The problem is that if you have a struct member with "foo?" there is no equivalent "foo?=" method. However, you can get away with it for a regular class:
class Foo
attr_accessor :foo?
end
If you were to do a "Foo.instance_methods", a "foo?=" method would show up on the list, even though that isn't valid syntax. Mathieu Bouchard proposed that we allow it. At first, I thought this was good idea. But Florian Gross made an excellent suggestion (in addition to pointing out that "?=" is just plain ugly). For "?" accessors, just create a "foo?" and "foo=", but no "foo?=". Brilliant!
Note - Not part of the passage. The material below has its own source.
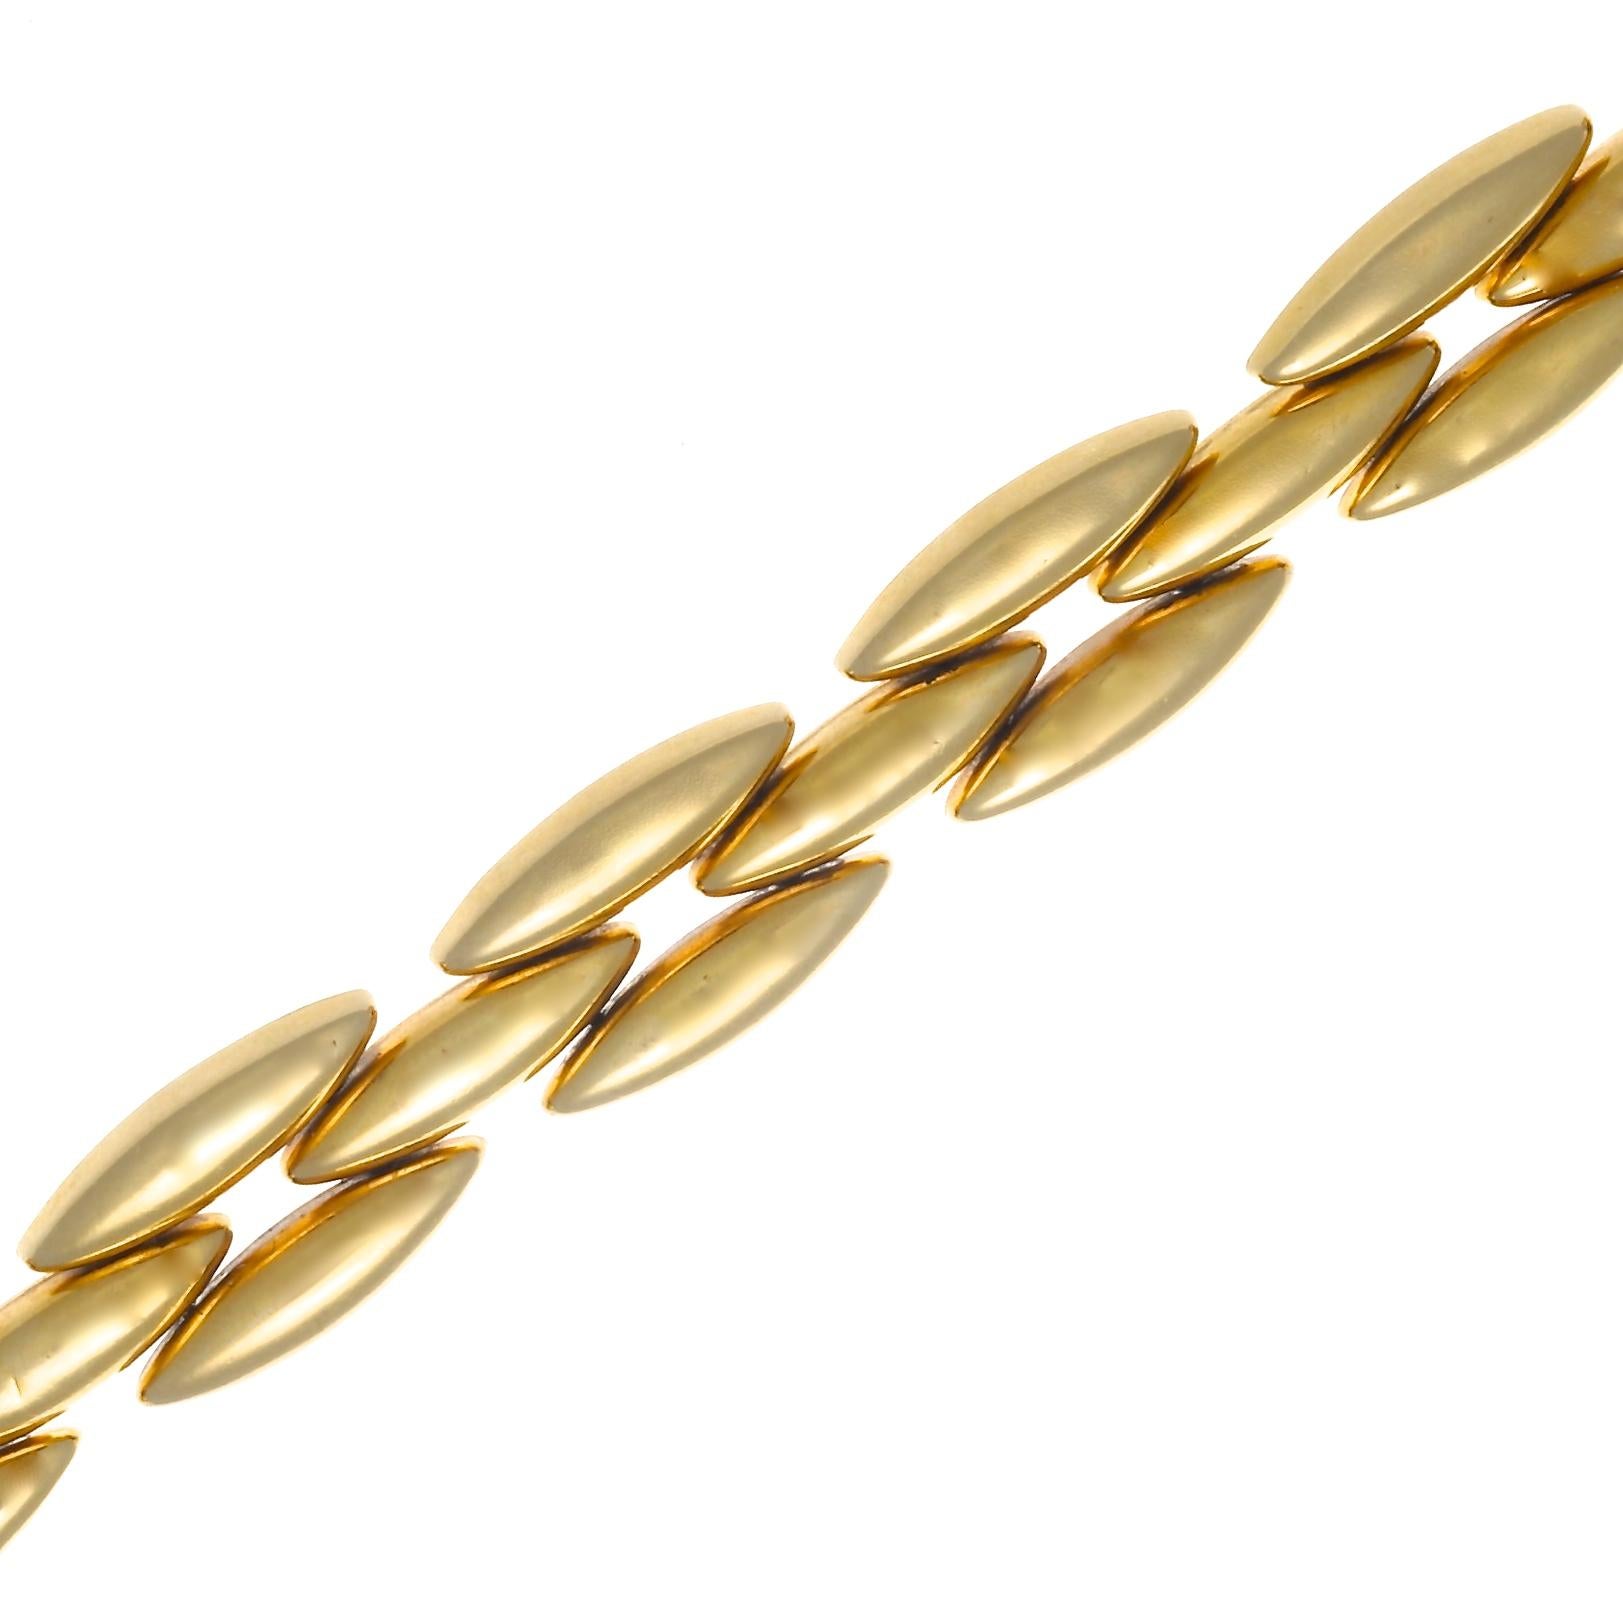 The perfect elegant 18k gold link bracelet to add to your favorites, but definitely makes the cut for wearing solo. Authentic 1990's signed Cartier Maillion Panther 18k gold bracelet. 26.9 grams. 7-1/2 inches long. Stamped with makers mark and 750

However, Nathaniel then brought up this example:
class Foo
attr_accessor :foo?, :foo
end
What should happen here? I say that you end up with "foo", "foo?" and "foo=" methods. The second "foo=" would simply be overwritten. This is perfectly in line with current behavior, since you can declare the same accessor without so much as a warning from Ruby:
class Foo
attr_accessor :bar, :bar, :bar
attr_accessor :bar, :bar, :bar
end
This code is perfectly legal. Running with "-w -d" did not emit any warnings (which, perhaps, it should have).
Hopefully Matz will adopt Florian's suggestion, rather than just outlawing "?" in accessors, and thus Struct members. Florian's suggestion is more flexible and convenient all the way around as far as I can see. The only problem might be in implementation, since it means more checks on the backend.